Add a new Run by using menu Runs/Add. All the created runs are listed in Runs tab with their NA tuning parameters: itmax, ns0, ns and nr. All actions of menu Runs apply only to the selected rows this table.
Initialization log
Upon run initialization the parameter space specified previously with the graphical interface is translated into parameters ranges and explicit conditions. A report is presented in Log tab. Each run has an individual dedicated log.
---------------------- List of parameters and conditions Dimension of parameter space = 5 200 < TopVp0 < 5000 m/s(323 bins) TopVp0 < TopVp1 Poisson's ratio checked 200 < TopVp1 < 5000 m/s(323 bins) TopVp0 < TopVp1 Poisson's ratio checked 150 < TopVs0 < 3500 m/s(316 bins) TopVs0 < TopVs1 Poisson's ratio checked 1 < DVs0 < 100 m(462 bins) 150 < TopVs1 < 3500 m/s(316 bins) TopVs0 < TopVs1 Poisson's ratio checked TopRho0=2000 kg/m3
The number of bins for each parameter is calculated to ensure a minimum relative precision of 1% (discrete values on a log scale).
Starting the inversion and status
Select run in Runs table and hit Start in menu Run. The Status pane shows the current advance of the inversion process. The minimum misfit achieved as a function of the number of generated models is plotted on the left. The table on the right displays among other information the minimum misfit and the number of model generated.
Viewing the results
There are three ways of plotting inversion of dispersion curves within Dinver. They are available in menu View, only the selected runs in Runs table are included in the plots.
Dispersions
This is probably the first thing to look at when running the first inversion on dispersion curve. You can estimate whether the best models have a dispersion close to the inverted curve. Select the correct slowness (phase or group) and polarization (Rayleigh or Love). All models with a misfit lower or equal to Maximum misfit are displayed. Maximum number of modes is used only when several modes (fundamental and higher) are inverted together. In this case, the dispersion curve has no standard deviation, hence the misfit is normalized by the slowness value. A 10% fit of the dispersion correspond to a misfit of approximately 0.1.
Ground profiles
A similar dialog box pops up when viewing the ground profiles. Maximum number of profiles must be set to 2 for Vp and Vs. This must not be confused with the number of models displayed. This later is controlled only by the maximum misfit (suggested value: 0.1, see previous section).

Obviously, the dispersion curve is not perfectly fitted at high frequency due to the too simplistic parameterization used in this tutorial.
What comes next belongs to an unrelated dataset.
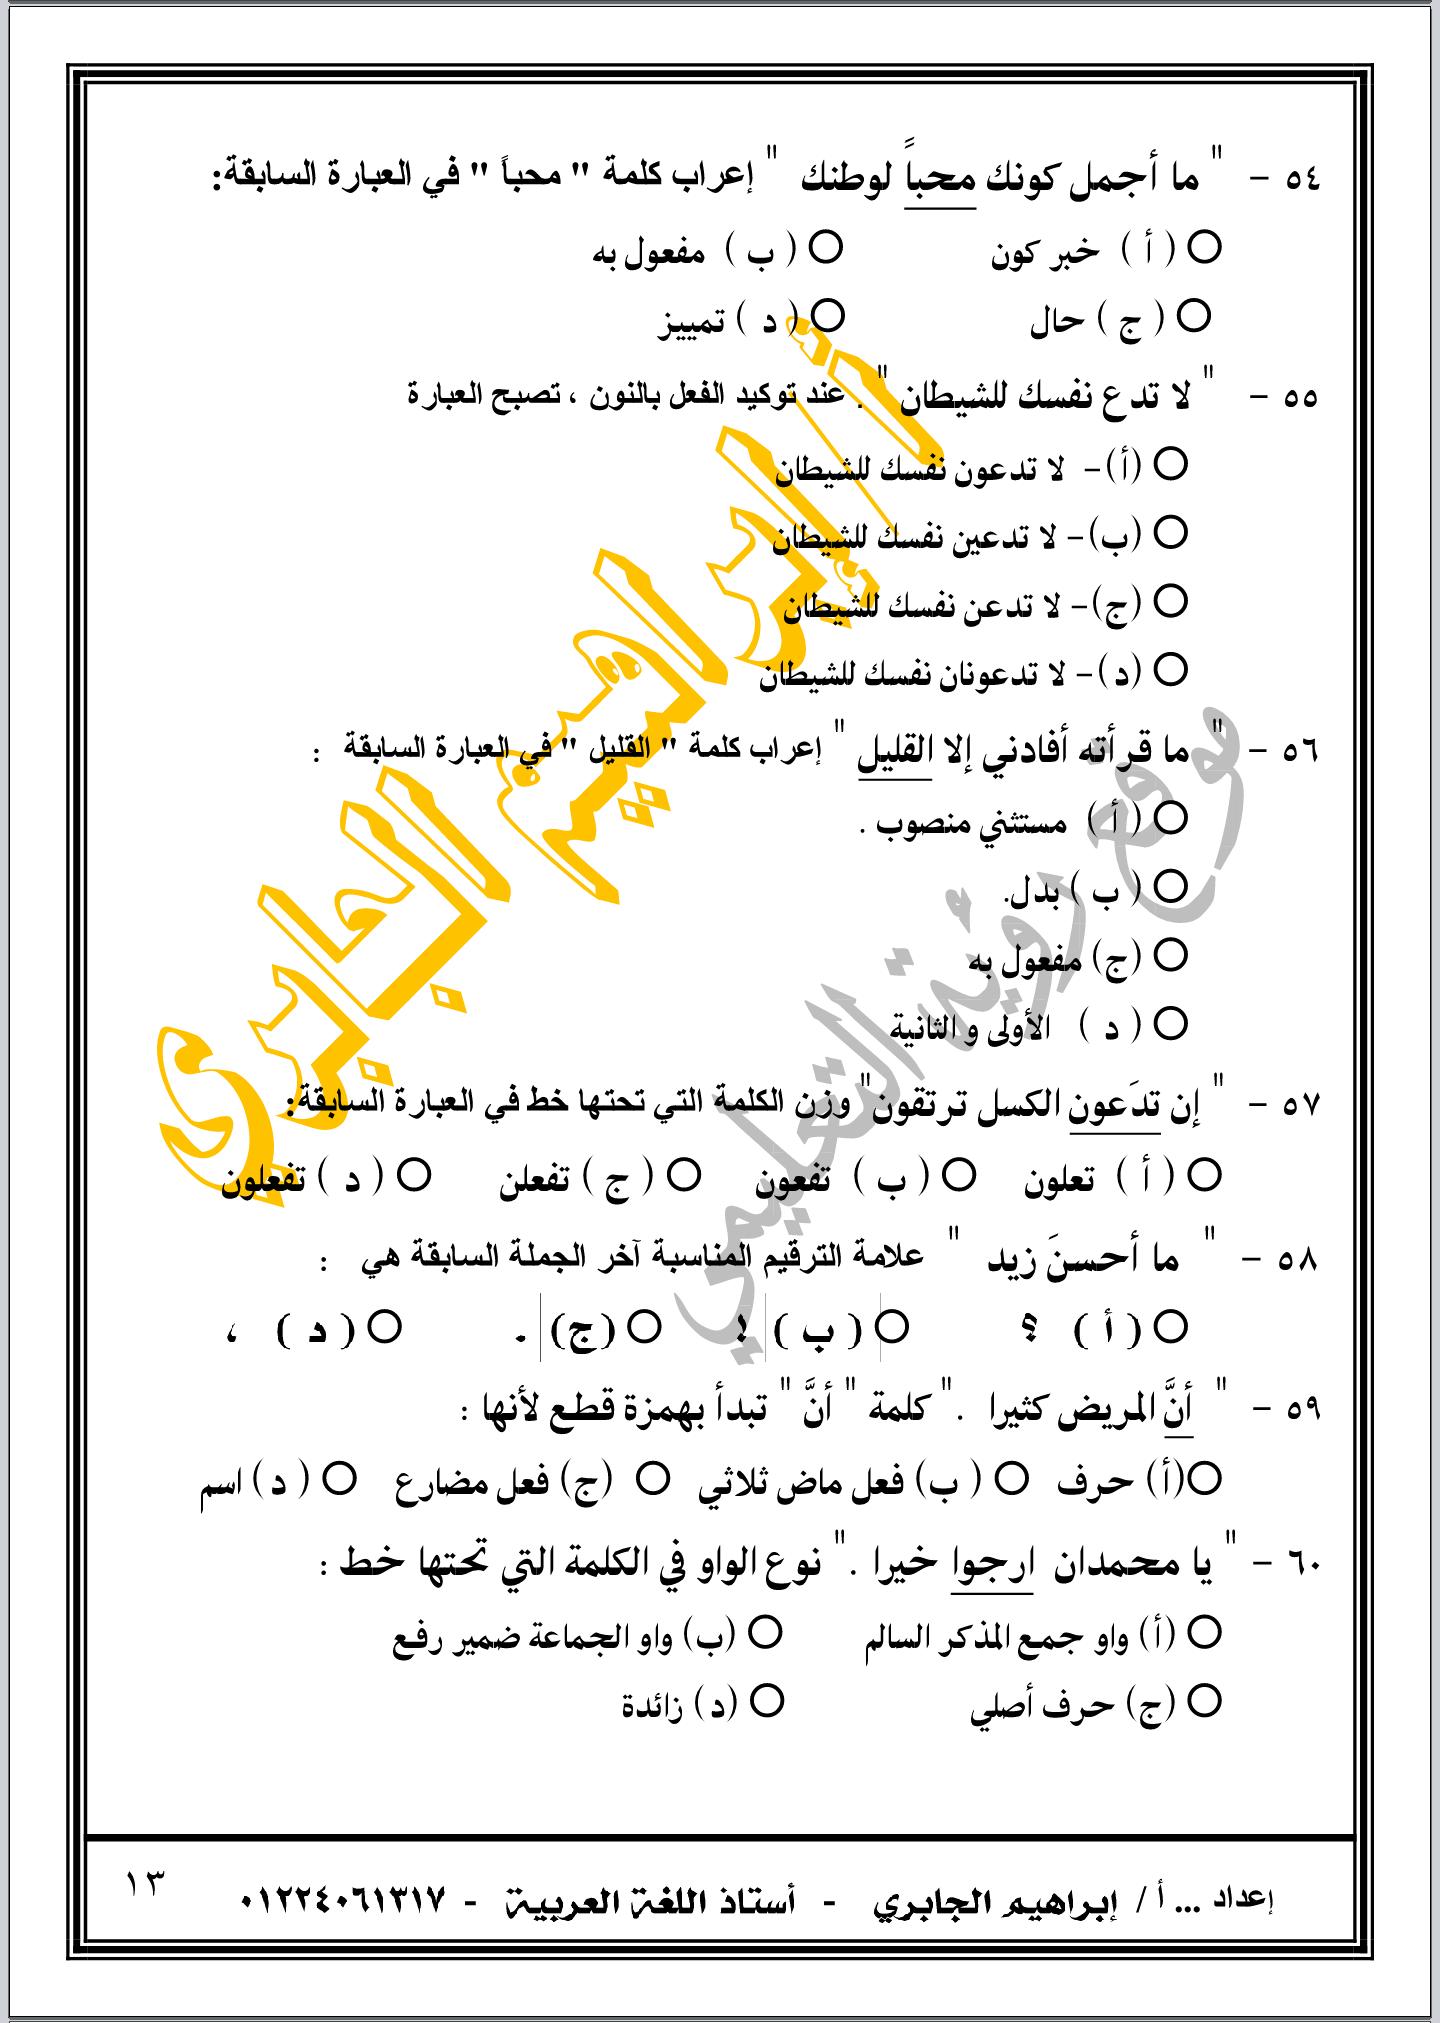 امتحان لغة عربية شامل للثانوية العامة نظام جديد 2021.. 70 سؤالا بالإجابات النموذجية Screenshot_%25D9%25A2%25D9%25A0%25D9%25A2%25D9%25A1-%25D9%25A0%25D9%25A4-%25D9%25A1%25D9%25A5-%25D9%25A0%25D9%25A1-%25D9%25A4%25D9%25A1-%25D9%25A5%25D9%25A2-1

To go further, more complex parameterizations are required.
Parameter space projections
Under menu View, option Parameter space displays various 2D projections of the models. The default plots are parameter versus misfit values. Existing plots can be customized through the property editor or new plots can be inserted (menu Insert/Parameter plot.
Checking the robustness
The inversion process is a random process based on a pseudo-random generator. The exploration paths covered may slightly vary from run to run (keeping everything else constant), especially in complex parameter spaces with a high number of dimensions. This is good practice to check the robustness of the exploration by starting the inversion with another seed. Add a new Run, select it in the Runs table and start it.

In this too simple parameterization (5 dimensions) the solution region is pretty well explored and a very similar misfit is achieved in all cases. At this scale (1e-7), the misfits can be identical due to the discrete nature of the inversion algorithm. A complete and reliable solution to the inversion problem require testing more complex parameterizations.